Last week, I filed a bug (LP#1892384) about a known issue that affects day 2 operations. I see this topic has been treated before, and I wanted to raise the question on why this type of change is not allowed in MAAS.

The use case scenario I mentioned in the bug is one where a KVM deployed via Pods needed to be vertically scaled (not enough storage for the current amount of Prometheus metrics).
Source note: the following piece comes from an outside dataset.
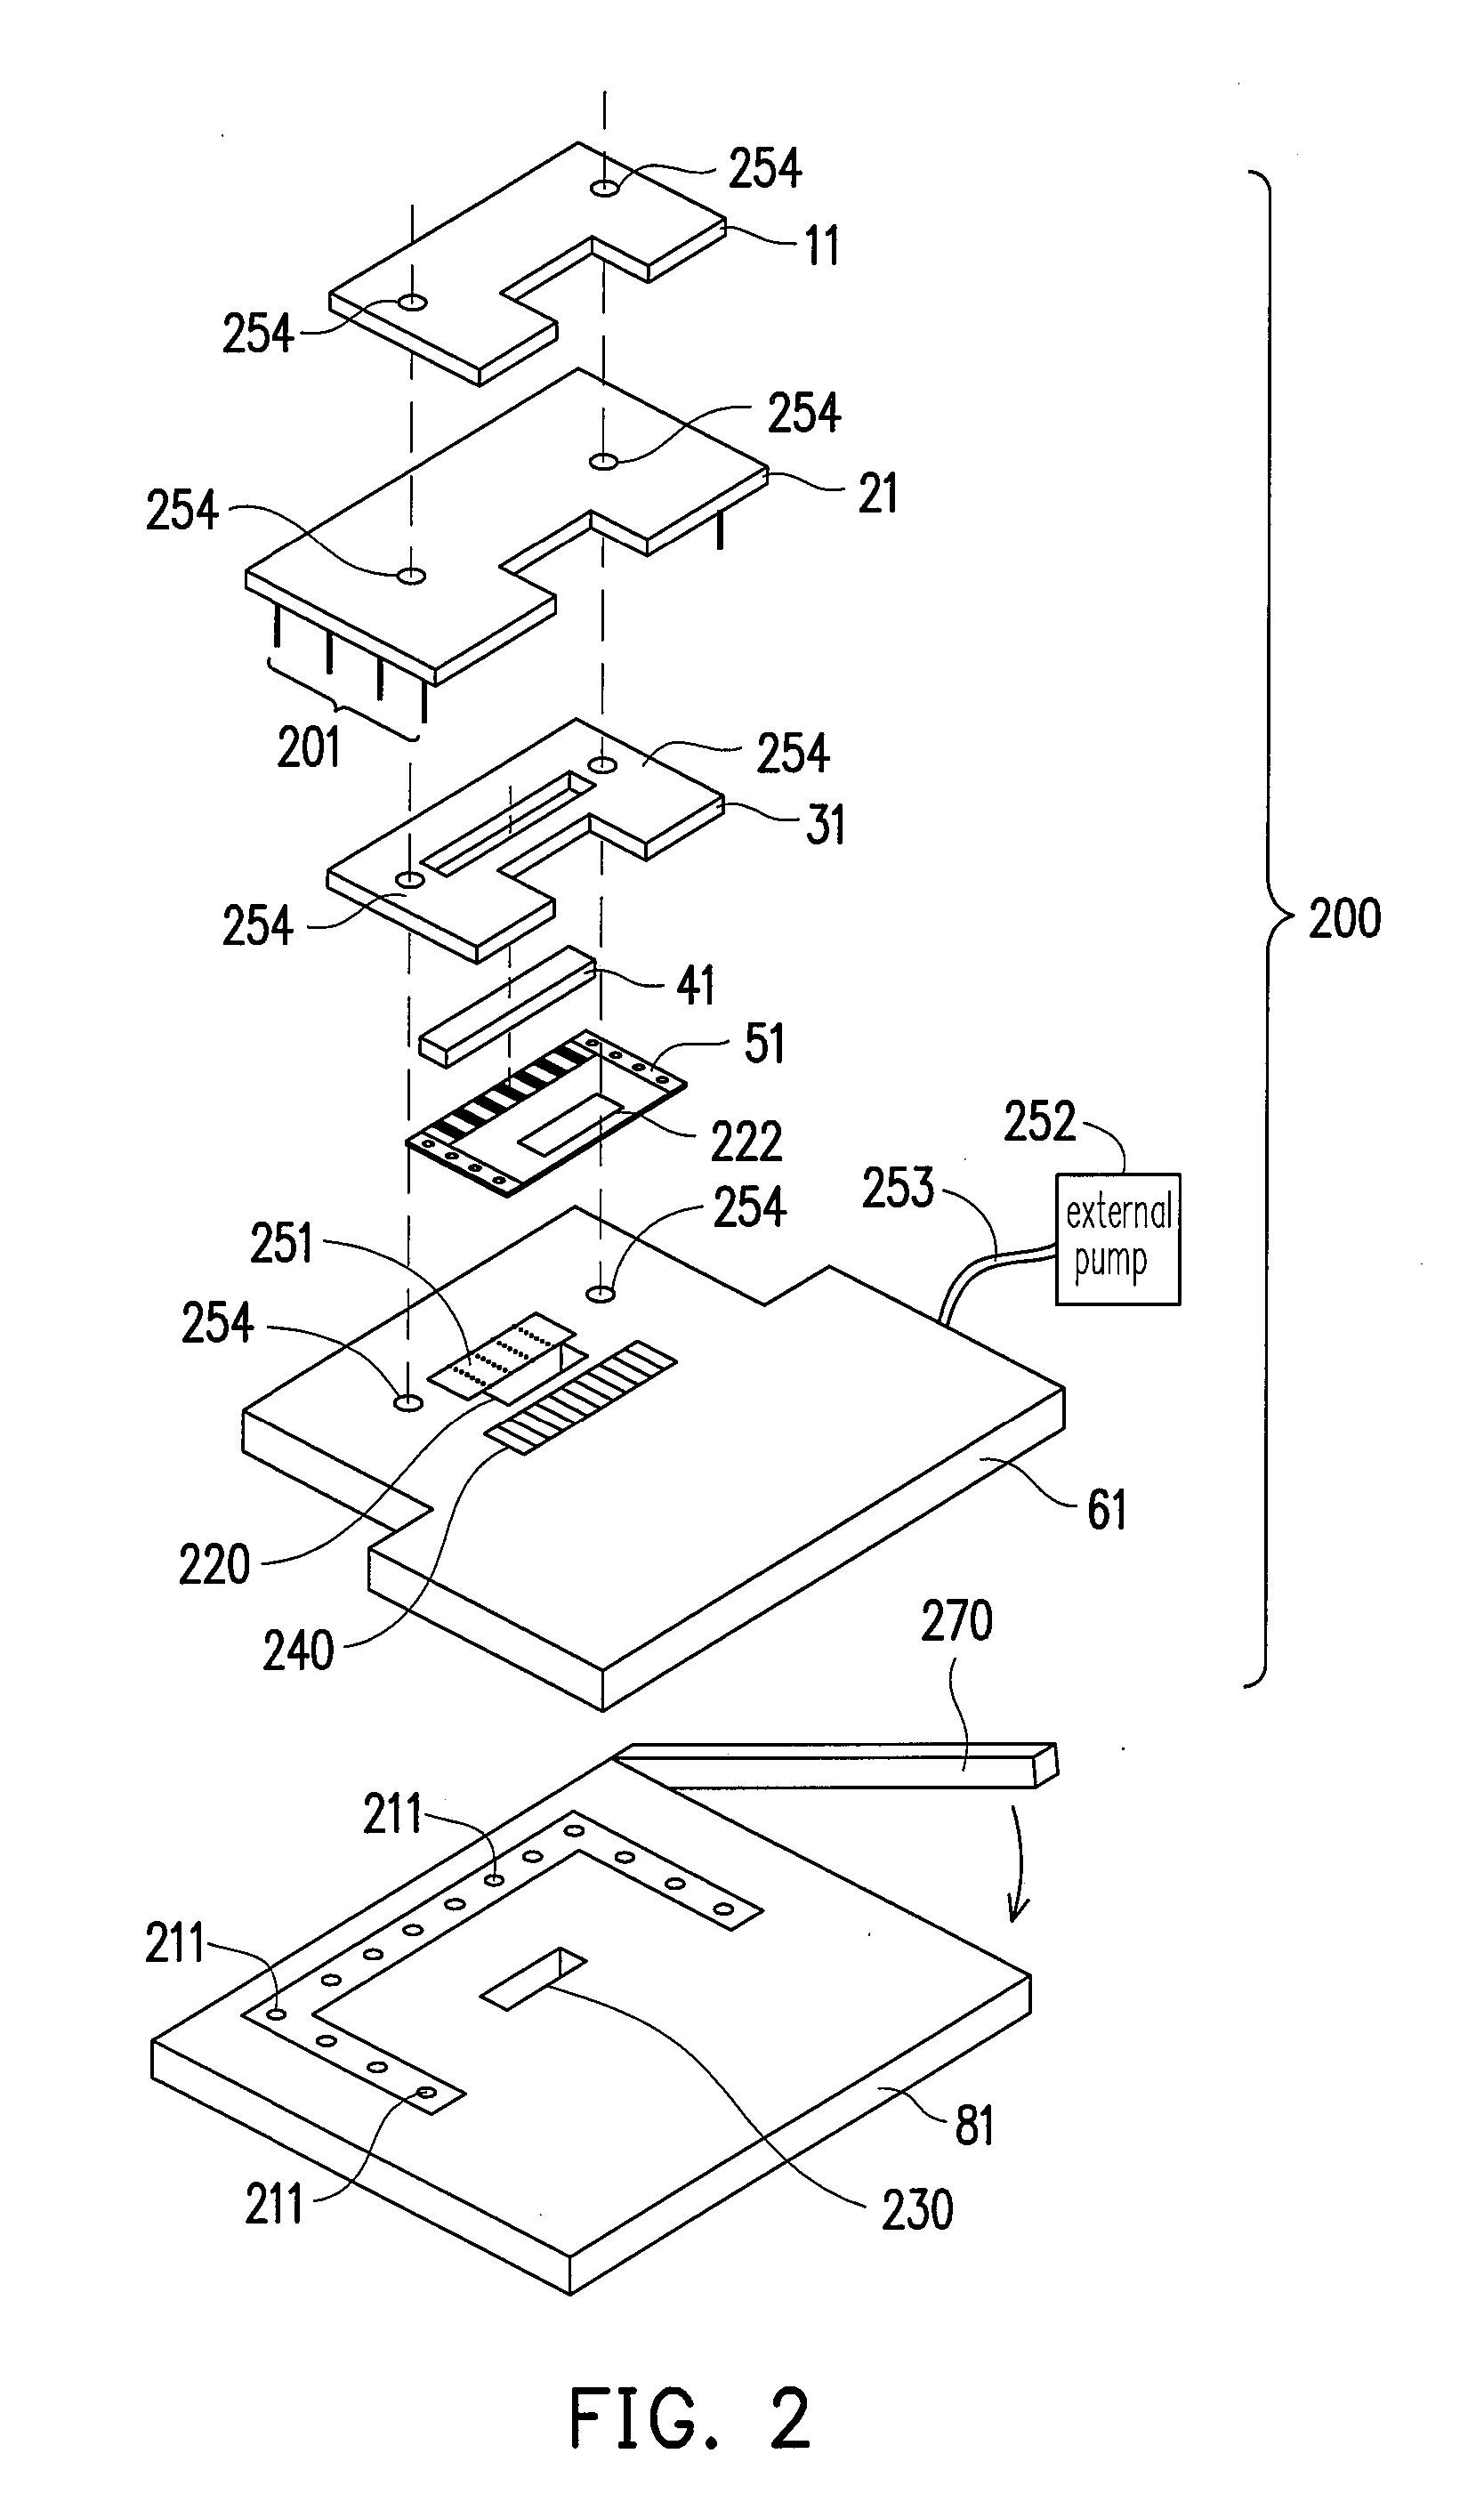 Fixture for analyzing thin flexible electronic device

The changes via virsh and KVM’s Linux terminal can be run without downtime:

# get target to resize. this will show list of targets and their source on host
virsh domblklist $domain_name

# to check current block info
virsh domblkinfo $domain_name $drive_target

# resize drive ($size must be in KiB, not bytes)
virsh blockresize $domain_name $target_path $size

# this should give you a confirmation of the block device resize
virsh domblkinfo $domain_name

# then, from the Linux console
growpart $device_path $partition_num

# Check if the change was applied to the block device
lsblk

# Then resize filesystem to new size. Ex of $device_path_and_num is /dev/vda1)
resize2fs $device_path_and_num

# Confirm new capacity is usable
df -h

It sounds wrong that the KVM runs a new “flavor” while MAAS keeps the old “flavor” (besides that a future redeploy would use the old “flavor” again). Furthermore, if libvirt/qemu allows “hot” changes (without downtime), the same should be allowed by MAAS. There are cases where redeploying into a new KVM with an upgraded “flavor” is not an option:

hosting machine constraints. Machine can hold a resize but not host a new KVM.
stored data would need to be moved to the new KVM
the running service does not support HA, so downtime would be expected

On the other hand, and as mentioned in the reported bug, I think allowing this type of change should not be restricted to KVMs. Common day 2 operations related to storage involves replacing failed disks without downtime. I understand, this case scenario would be less common as the disk may run on top of LVM or RAID (so, disk uuid does not change; although there are storage layouts where disks are used as JBOD without any abstraction, such as Ceph OSDs or Swift nodes), and replaced disks are usually of the same size.

Kind regards,
-Alvaro.